Stored items:
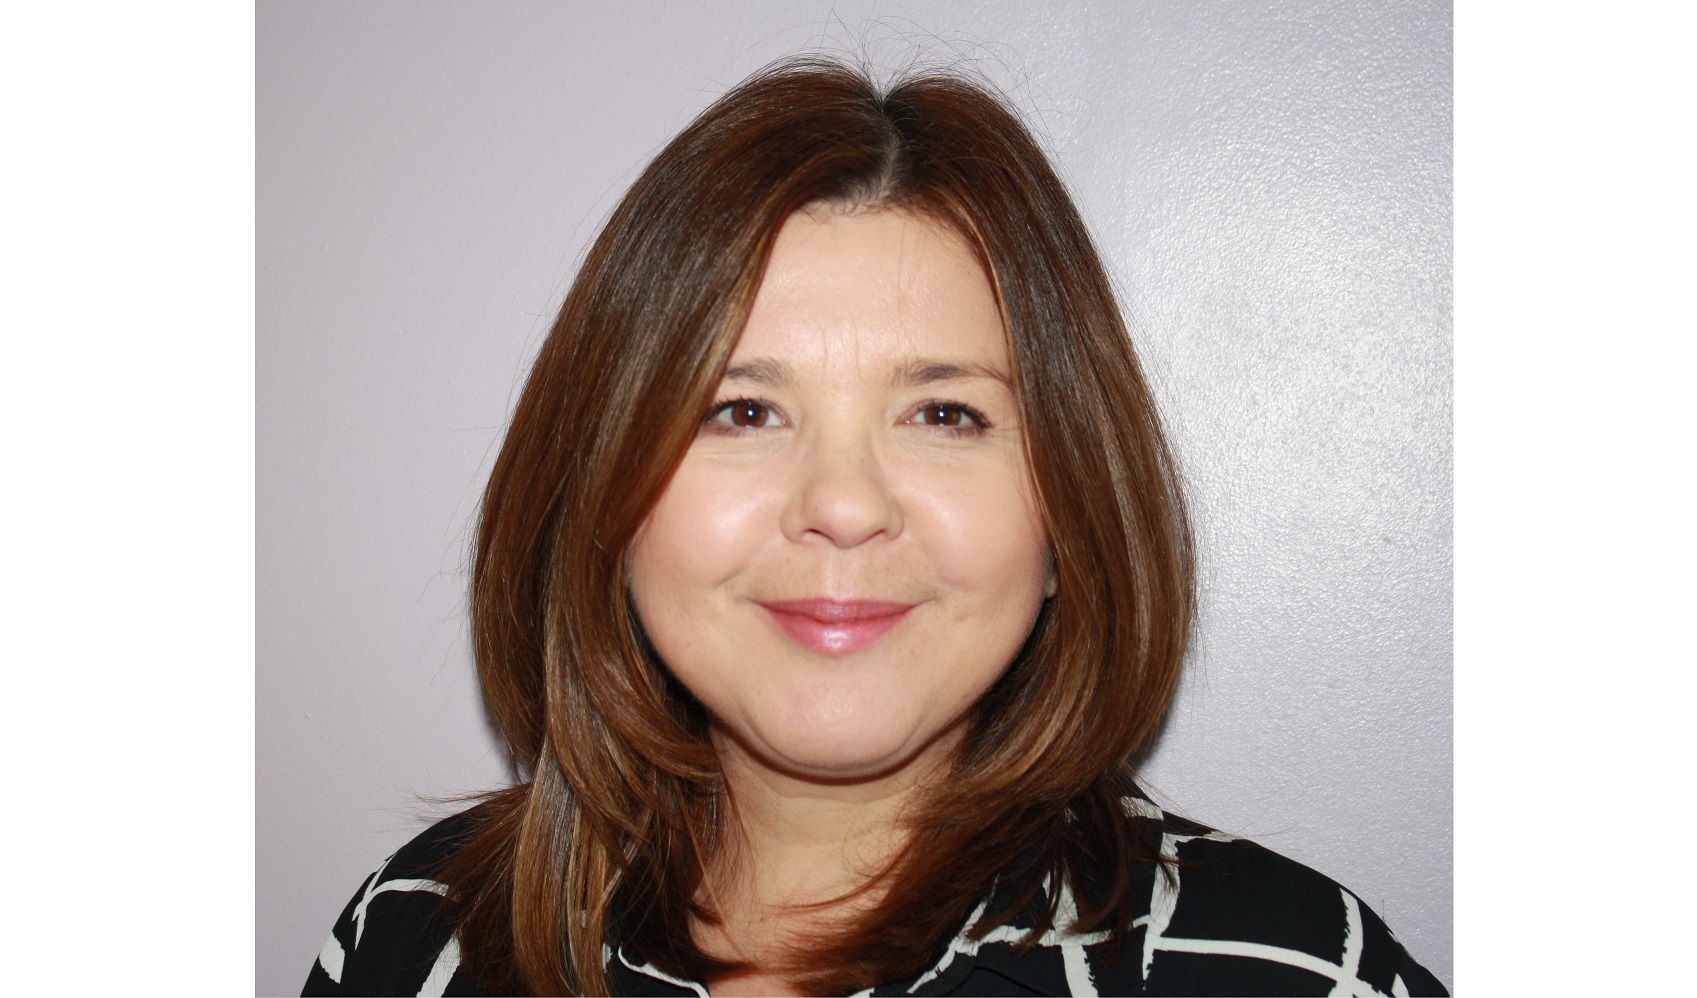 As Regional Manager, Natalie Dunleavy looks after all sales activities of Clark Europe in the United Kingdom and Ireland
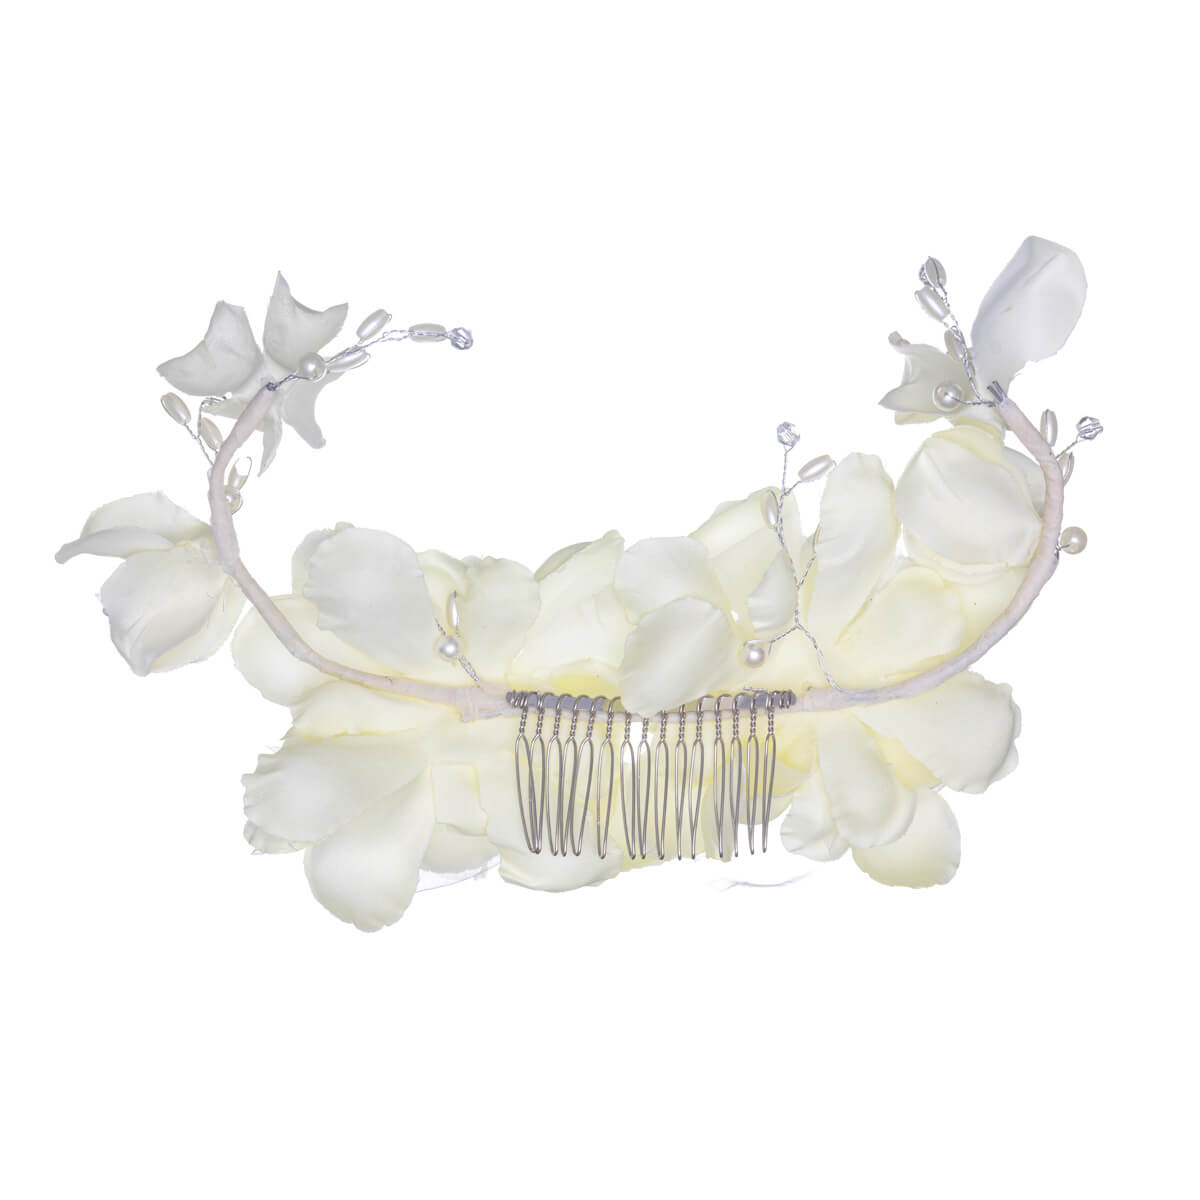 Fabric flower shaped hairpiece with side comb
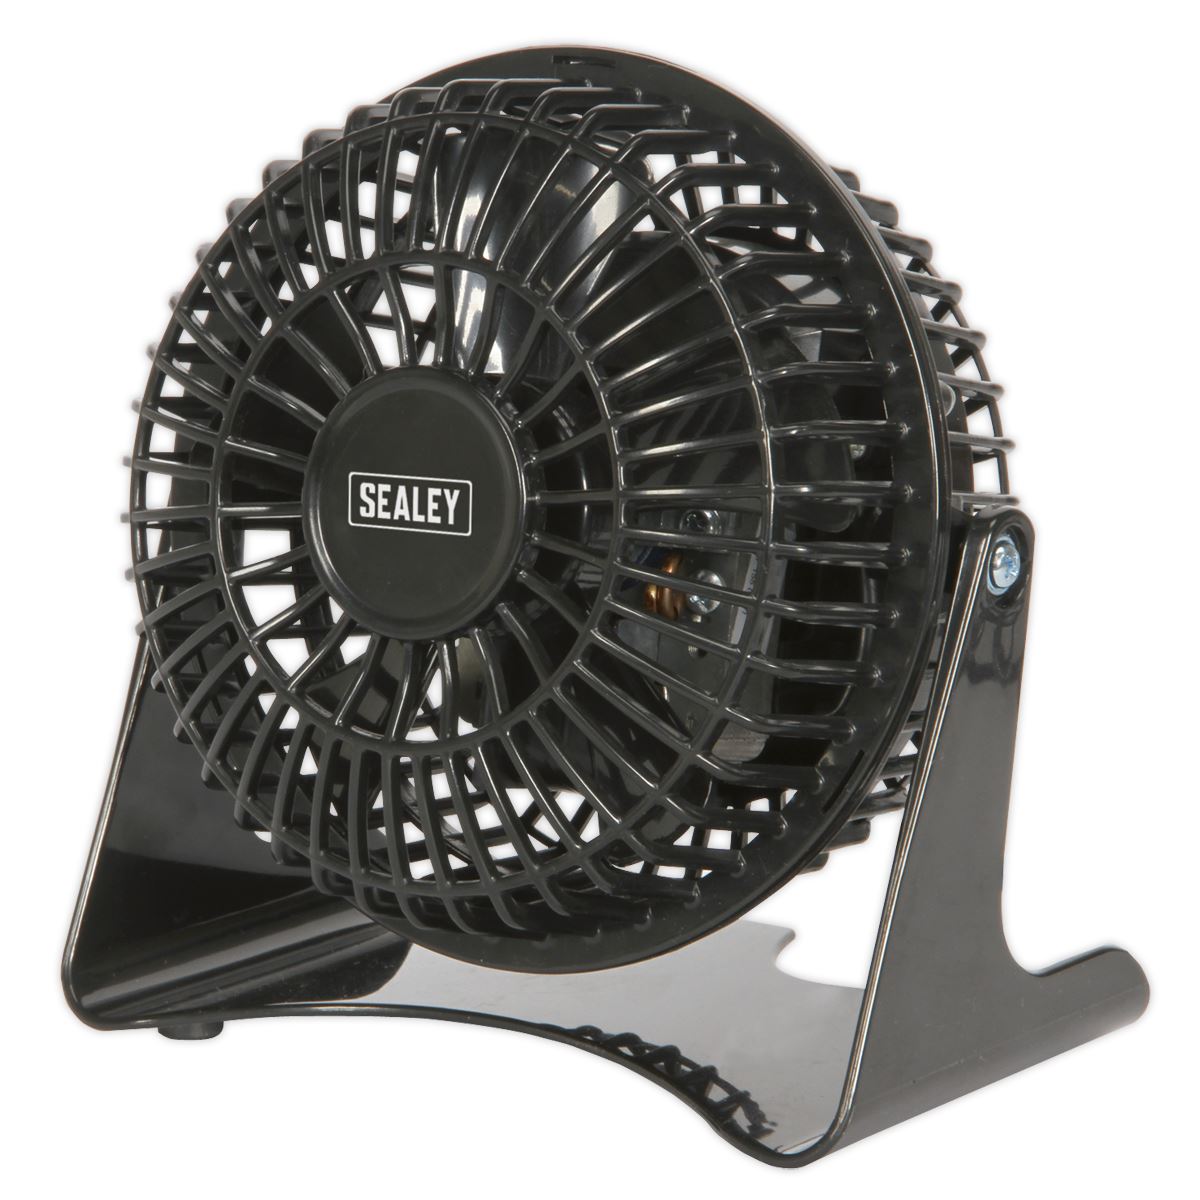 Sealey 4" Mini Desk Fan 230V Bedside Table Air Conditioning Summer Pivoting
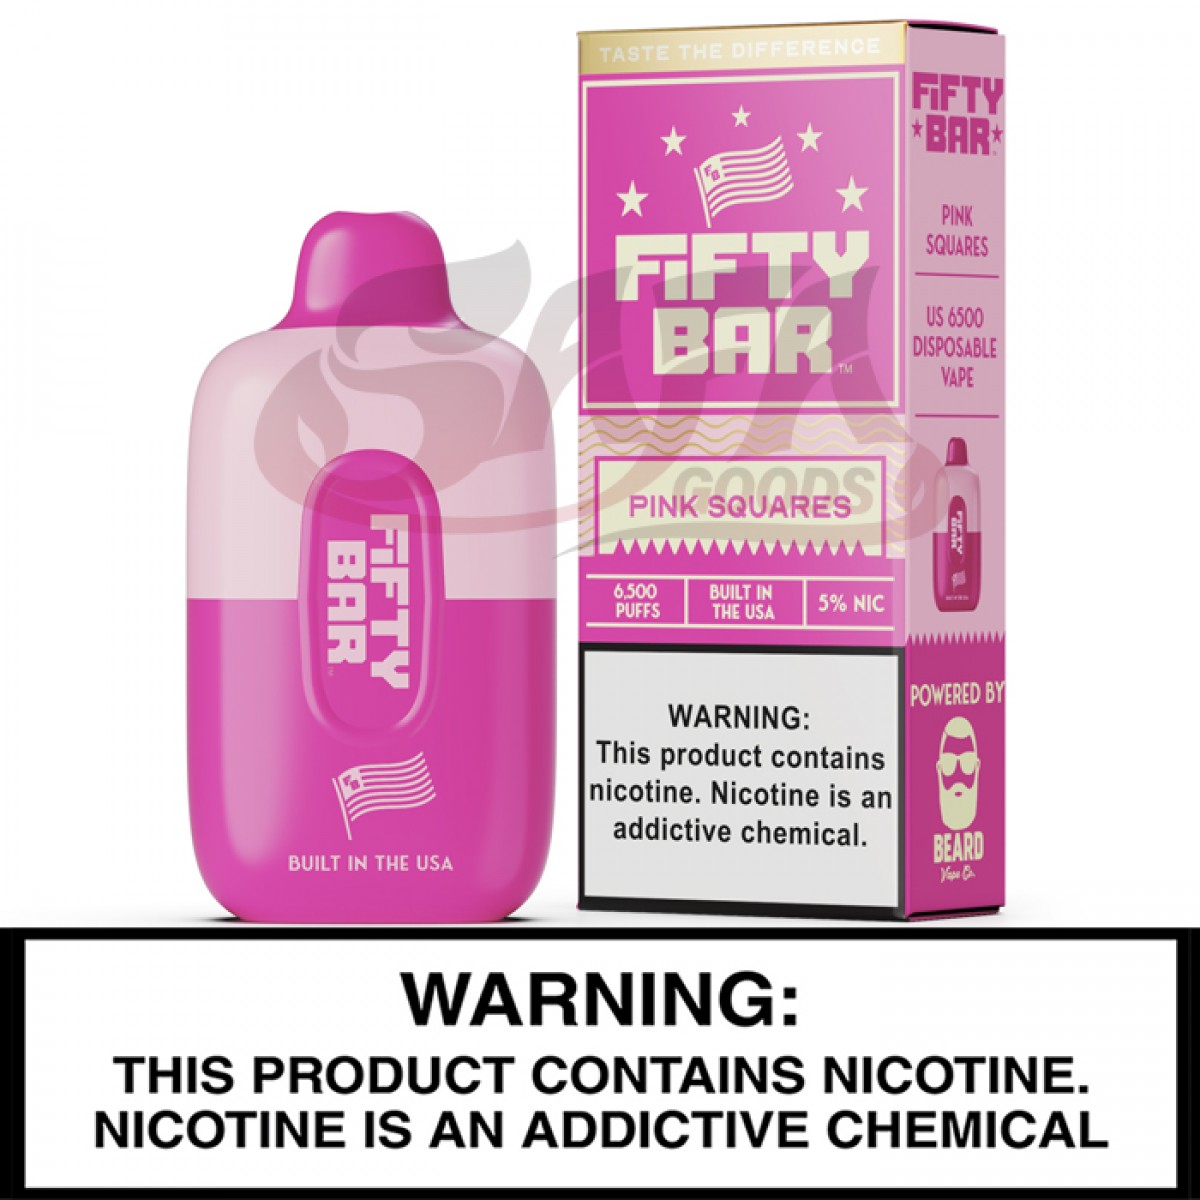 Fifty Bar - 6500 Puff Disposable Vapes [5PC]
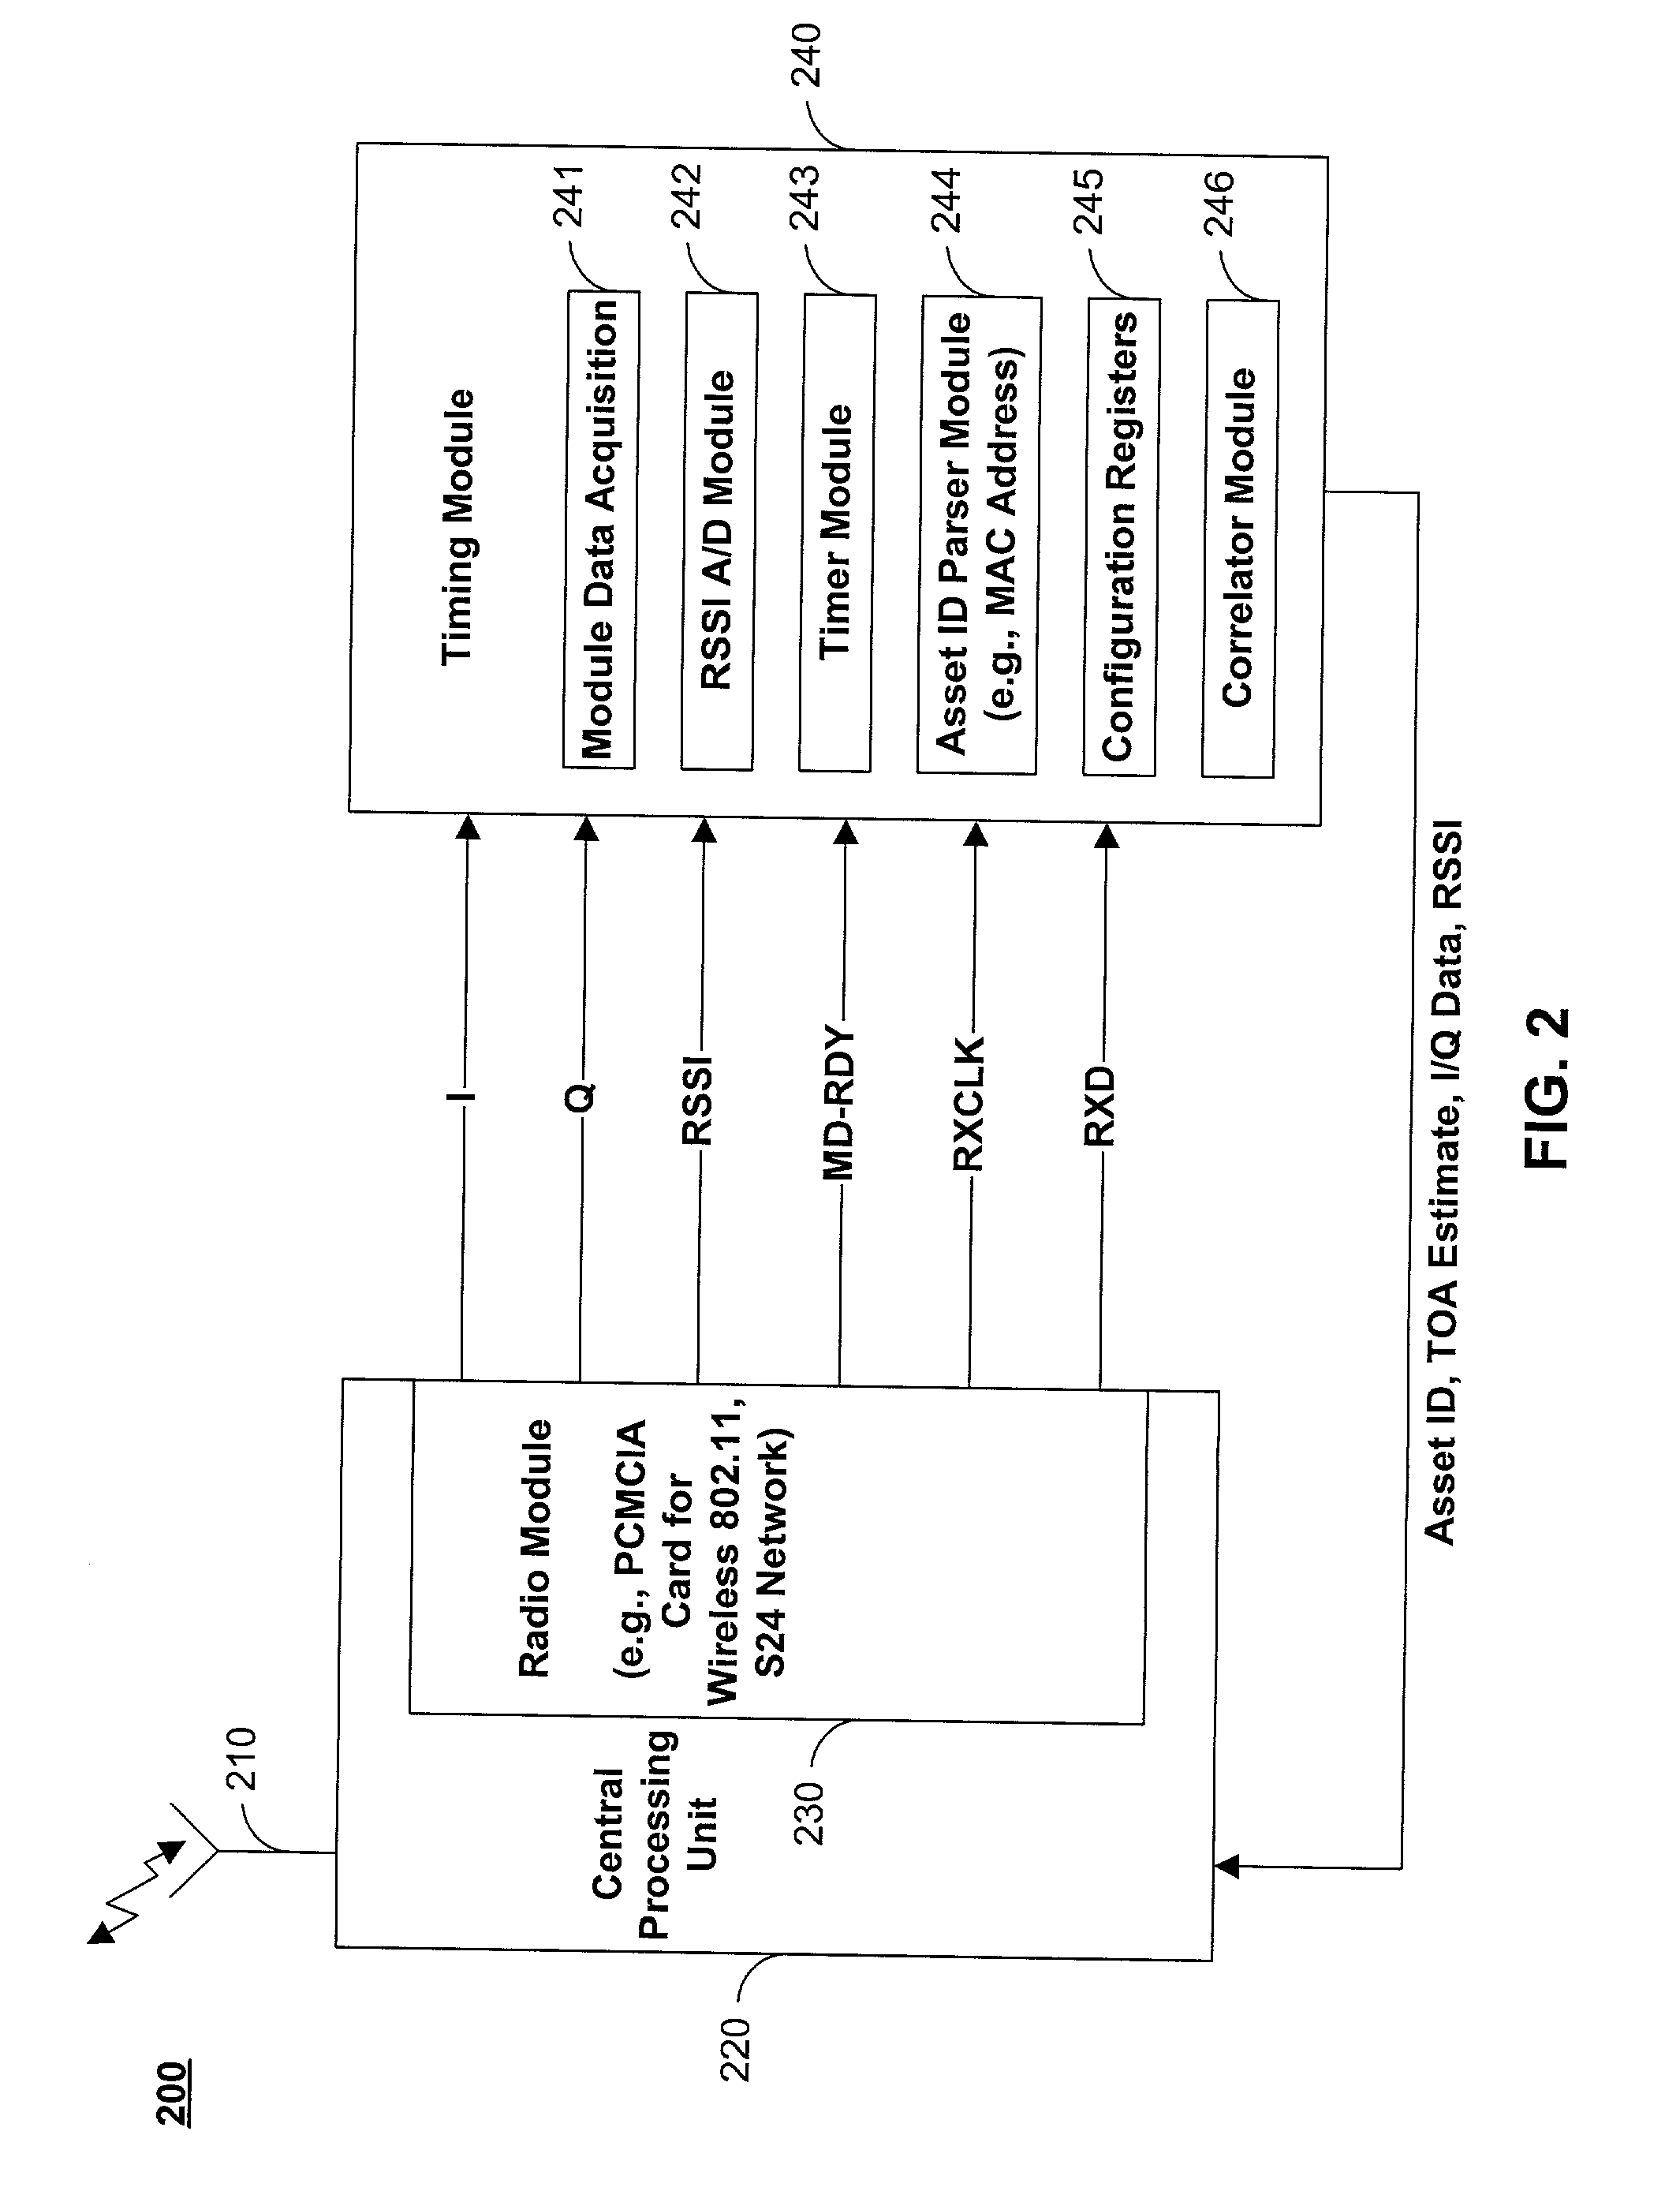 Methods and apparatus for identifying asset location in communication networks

• **What to work on**:
All of the data is to be returned exactly, with no pictures included.

• **Answer to this task**:
 As Regional Manager, Natalie Dunleavy looks after all sales activities of Clark Europe in the United Kingdom and Ireland
 Fabric flower shaped hairpiece with side comb
 Sealey 4" Mini Desk Fan 230V Bedside Table Air Conditioning Summer Pivoting
 Fifty Bar - 6500 Puff Disposable Vapes [5PC]
 Methods and apparatus for identifying asset location in communication networks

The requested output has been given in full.